I ran the above code to see how much speed difference there is when using NamedTuple for updating multiple array values.
I expected that using NamedTuple would slow things down, but the results were completely different: NamedTuple was overwhelmingly faster.
Is this verification result correct?

gmarkall · November 25, 2025, 11:26am

I believe the conclusion, that using NamedTuple is overwhelmingly faster, is incorrect.

I found it very hard to draw a conclusion from the benchmark code as-is, so I made some changes to be able to tease things apart a bit:

Initializing the data instead of operating on arrays created with np.empty(), which will contain whatever was in the memory before.
Using separate copies of the data for each function and the warmup - this helps to isolate cache behaviour from the benchmark.
Using separate copies of data for each function under test - since they update the data in place, running both versions on the same data isn’t measuring the same thing.
Validating that both versions of the benchmark produce the same output
Making use of parallel execution optional, making it possible to remove that as a factor.
Renaming the A class and the a that is a named tuple - reusing the same names for multiple things always makes it more confusing to think about and easier to make a mistake.

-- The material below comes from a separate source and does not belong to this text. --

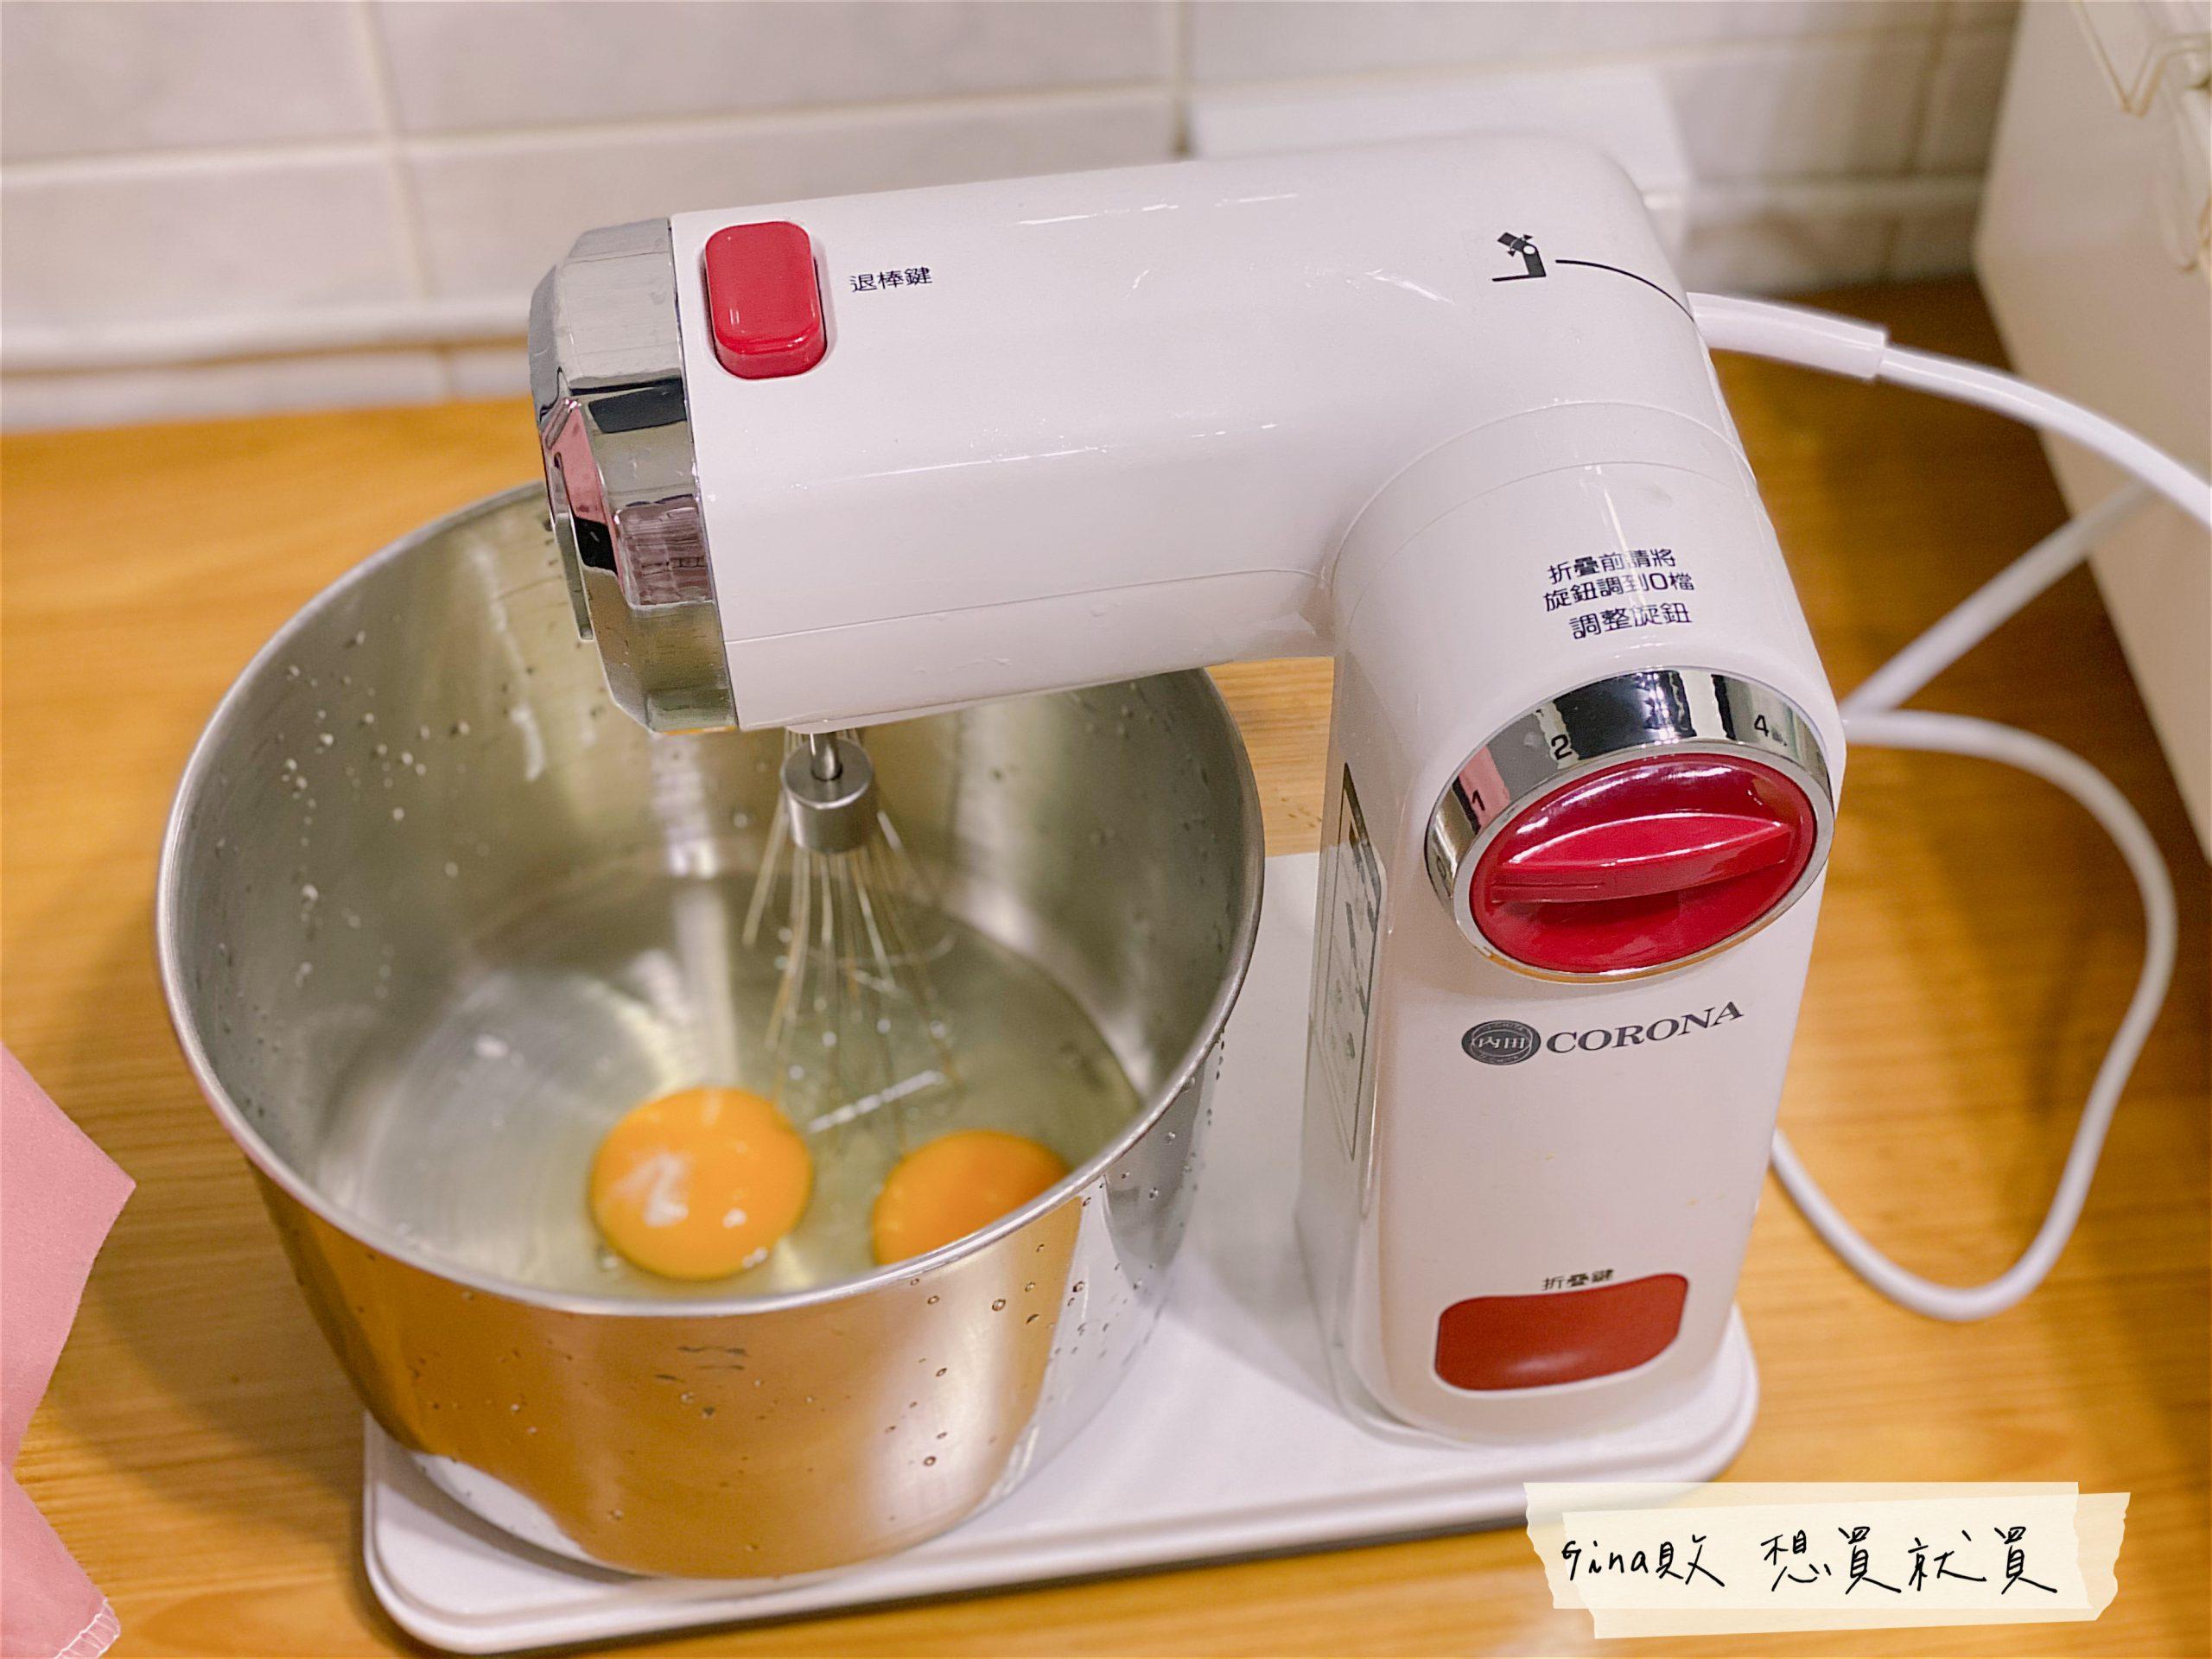 CORONA可樂娜摺疊式攪拌機|麵粉糰攪拌機團購|廚房烘焙必需品,烘焙器具材料! @GINA環球旅行生活

This resulted in the following code:

from typing import NamedTuple

import numpy as np
from numba import njit, prange
from numpy.typing import NDArray

PARALLEL = False

# Input data

np.random.seed(42)

a = np.random.random(10**6)
b = np.random.random(10**6)
c = np.random.random(10**6)
d = np.random.random(10**6)
e = np.random.random(10**6)

########### CASE 1 ###################

@njit(parallel=PARALLEL)
def f1(a, b, c, d, e):
    for i in prange(a.shape[0]):
        a[i] = a[i] * 100
        b[i] = b[i] * 100
        c[i] = c[i] * 100
        d[i] = d[i] * 100
        e[i] = e[i] * 100
    return a, b, c, d, e

a_warmup = a.copy()
b_warmup = b.copy()
c_warmup = c.copy()
d_warmup = d.copy()
e_warmup = e.copy()

f1(a_warmup, b_warmup, c_warmup, d_warmup, e_warmup)


a_f1 = a.copy()
b_f1 = b.copy()
c_f1 = c.copy()
d_f1 = d.copy()
e_f1 = e.copy()

%timeit f1(a_f1, b_f1, c_f1, d_f1, e_f1) 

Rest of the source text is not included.